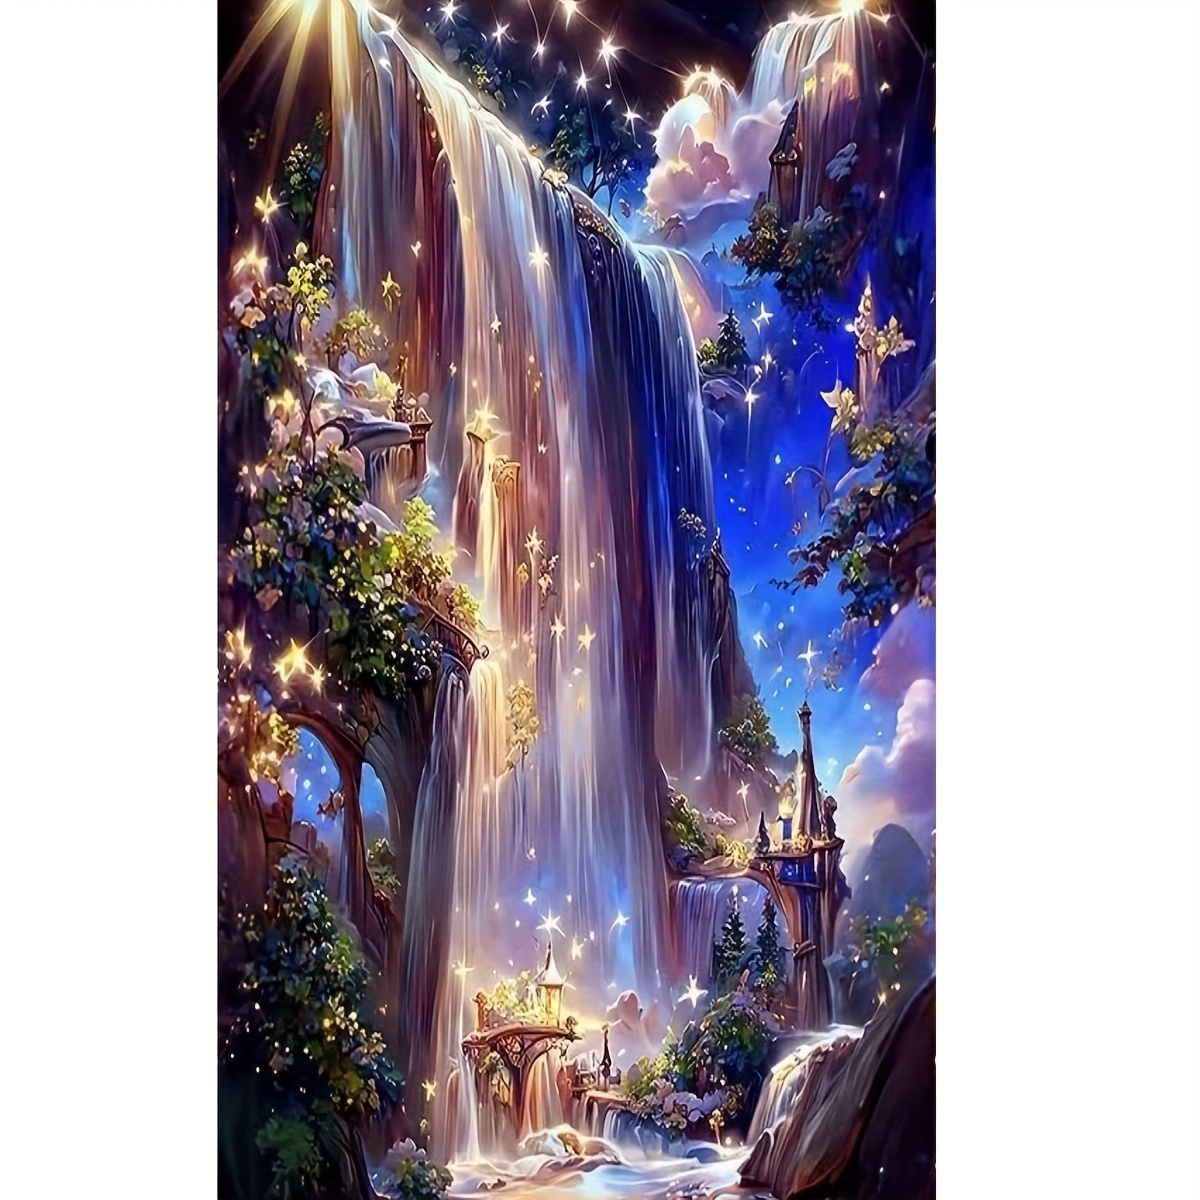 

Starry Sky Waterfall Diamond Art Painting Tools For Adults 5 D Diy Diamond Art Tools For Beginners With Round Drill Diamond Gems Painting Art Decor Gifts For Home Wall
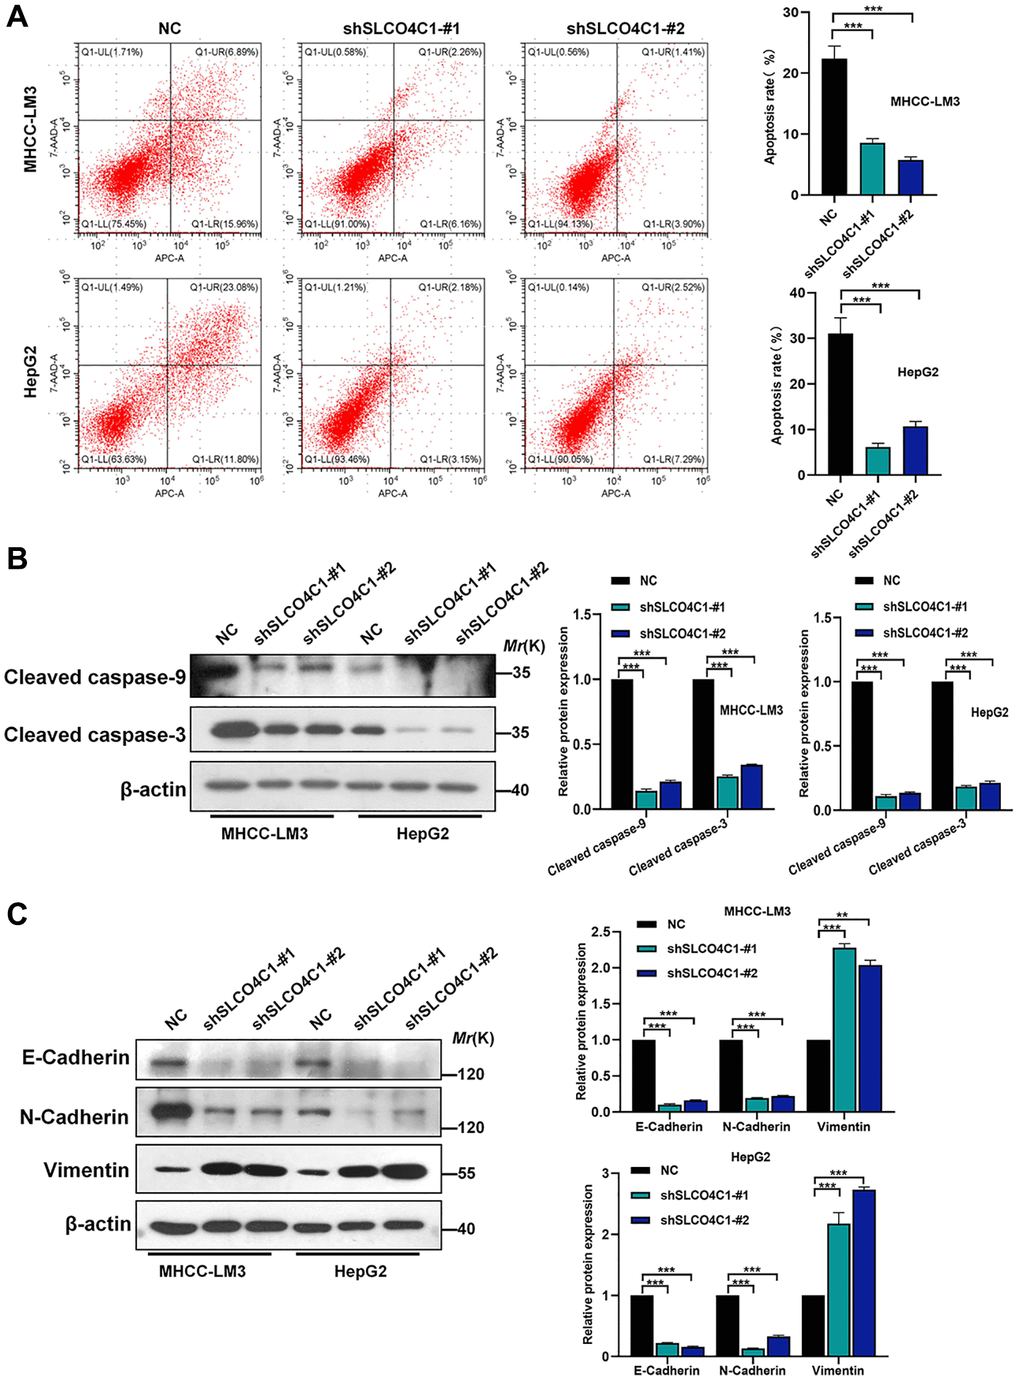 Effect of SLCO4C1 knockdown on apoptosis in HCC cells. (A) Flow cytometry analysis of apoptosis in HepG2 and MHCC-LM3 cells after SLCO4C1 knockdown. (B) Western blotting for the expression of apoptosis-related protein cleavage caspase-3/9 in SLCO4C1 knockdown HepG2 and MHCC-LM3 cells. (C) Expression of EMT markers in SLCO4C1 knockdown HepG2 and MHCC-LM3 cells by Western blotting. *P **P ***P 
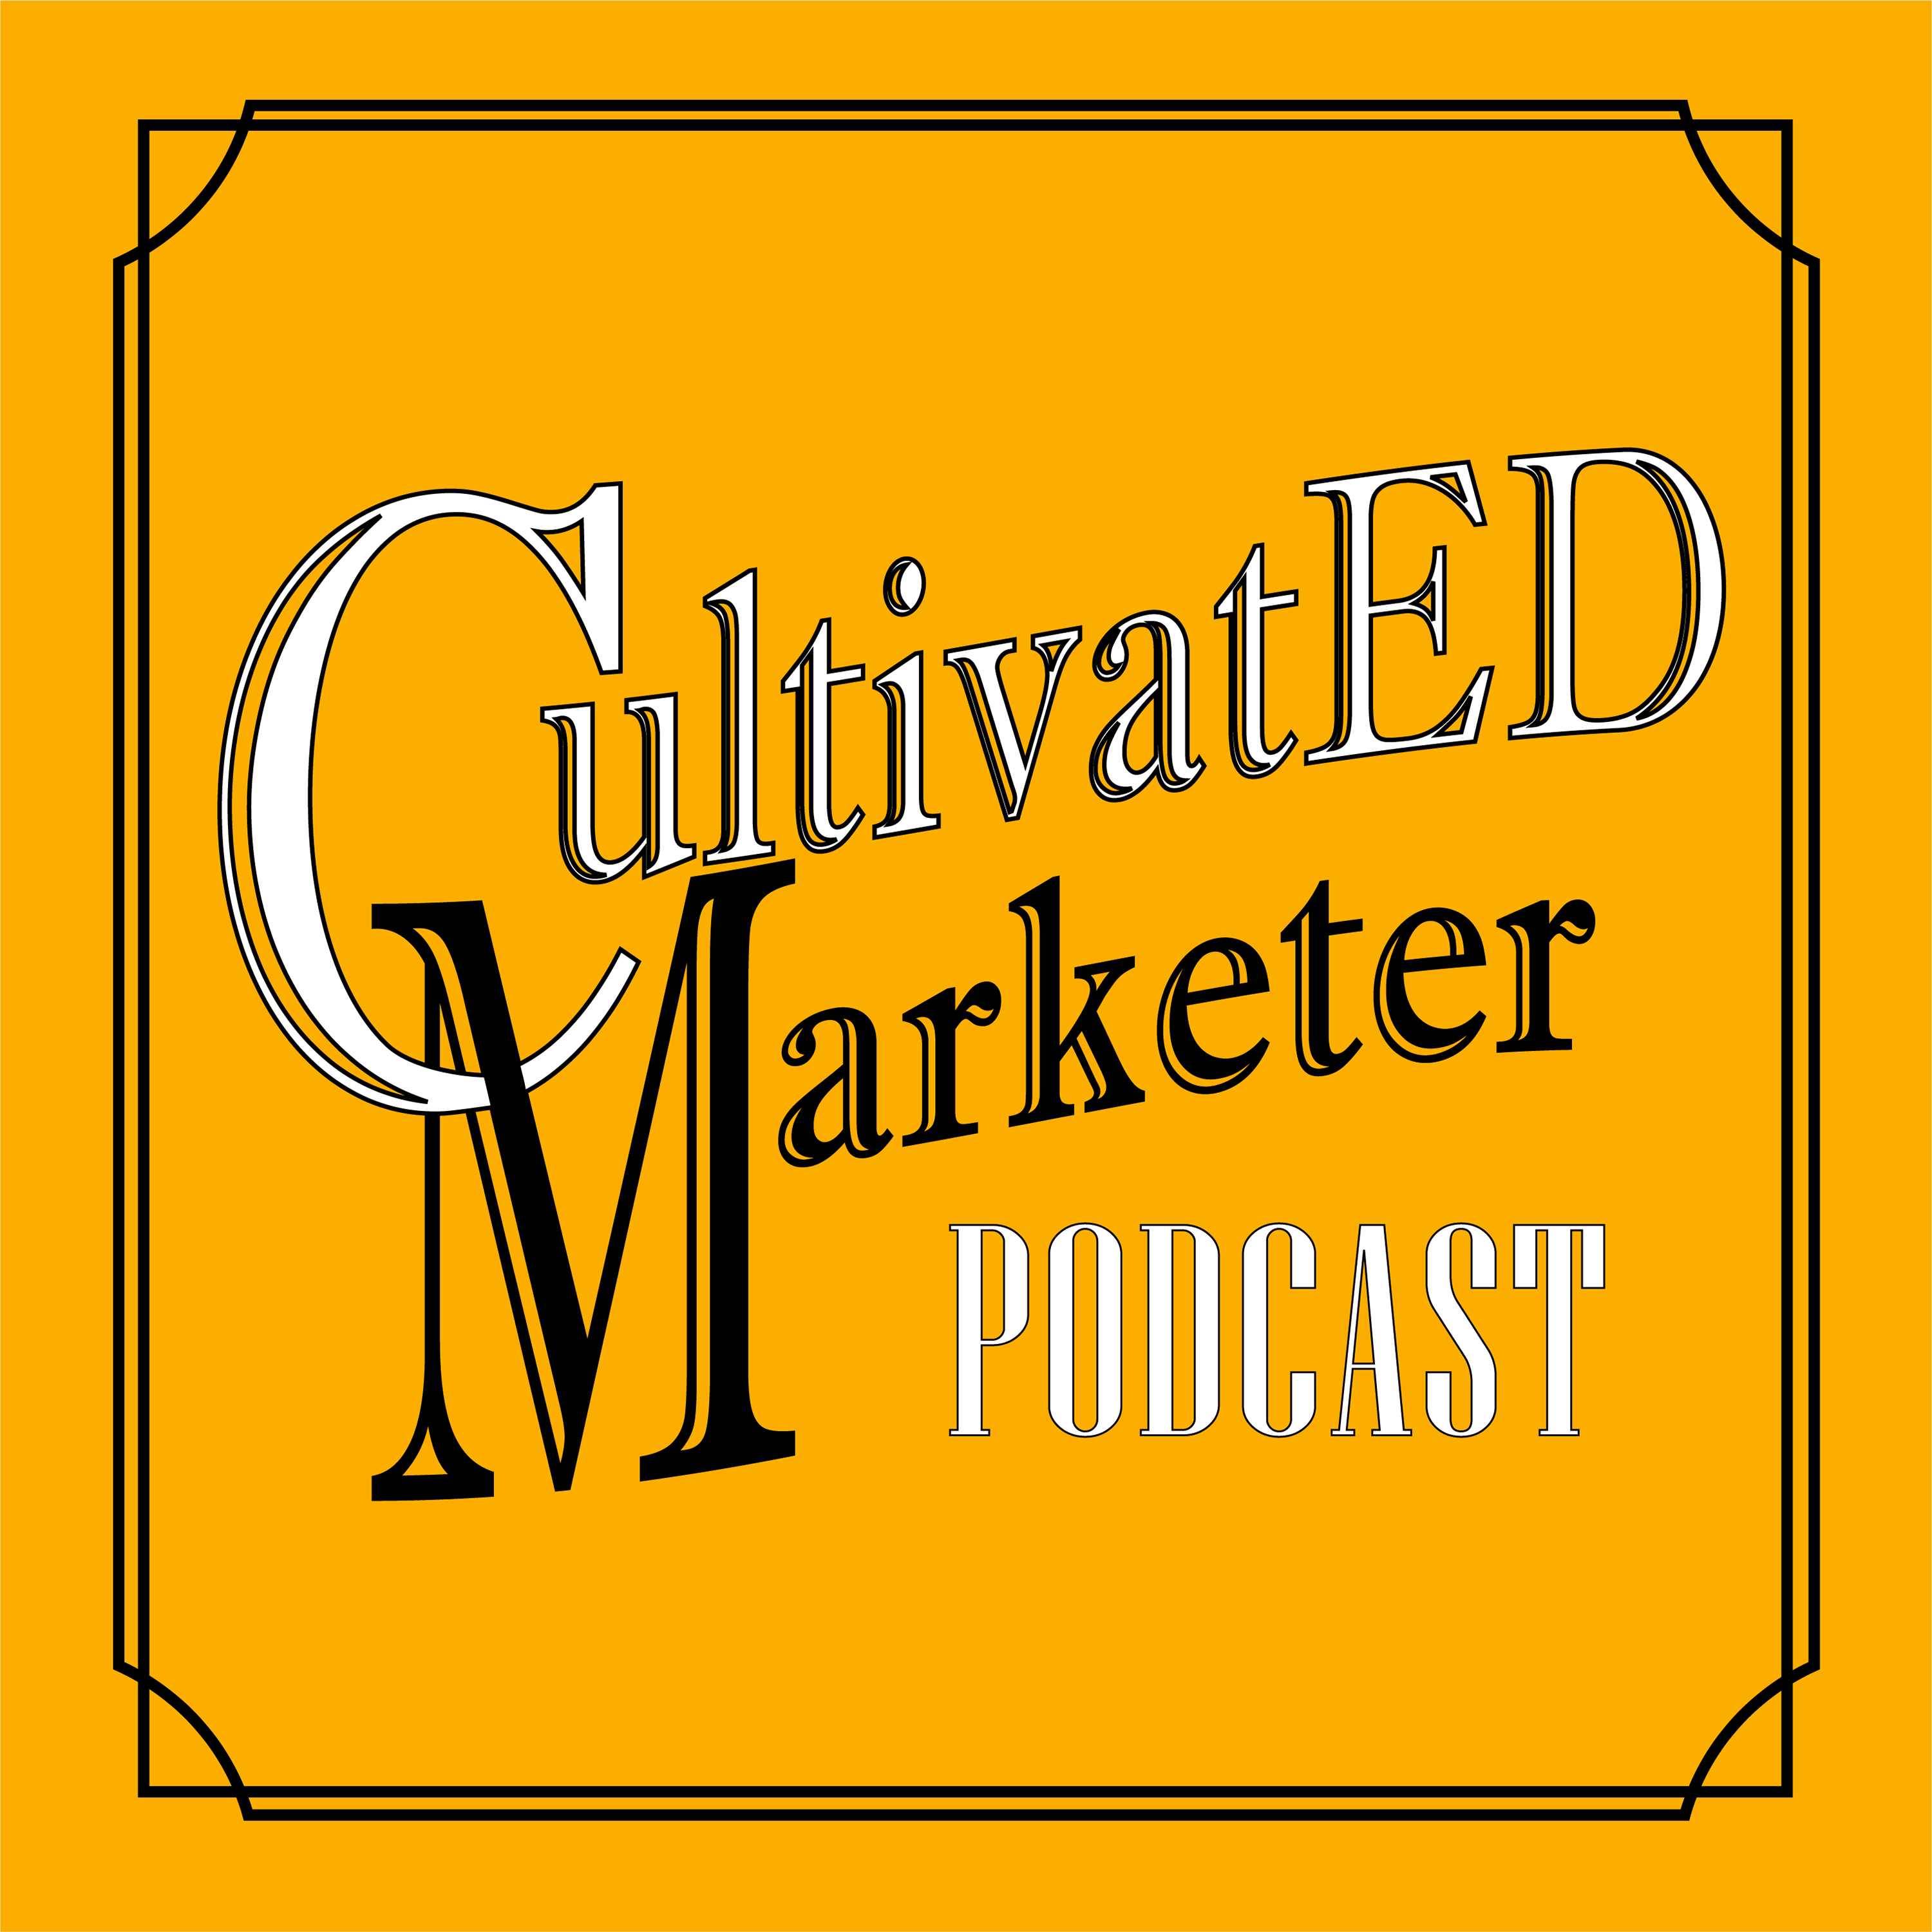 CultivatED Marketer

###

Aim of the exercise: Return all the data exactly, and keep the pictures out.

Task answer:
Starry Sky Waterfall Diamond Art Painting Tools For Adults 5 D Diy Diamond Art Tools For Beginners With Round Drill Diamond Gems Painting Art Decor Gifts For Home Wall
 Effect of SLCO4C1 knockdown on apoptosis in HCC cells. (A) Flow cytometry analysis of apoptosis in HepG2 and MHCC-LM3 cells after SLCO4C1 knockdown. (B) Western blotting for the expression of apoptosis-related protein cleavage caspase-3/9 in SLCO4C1 knockdown HepG2 and MHCC-LM3 cells. (C) Expression of EMT markers in SLCO4C1 knockdown HepG2 and MHCC-LM3 cells by Western blotting. *P **P ***P 
 CultivatED Marketer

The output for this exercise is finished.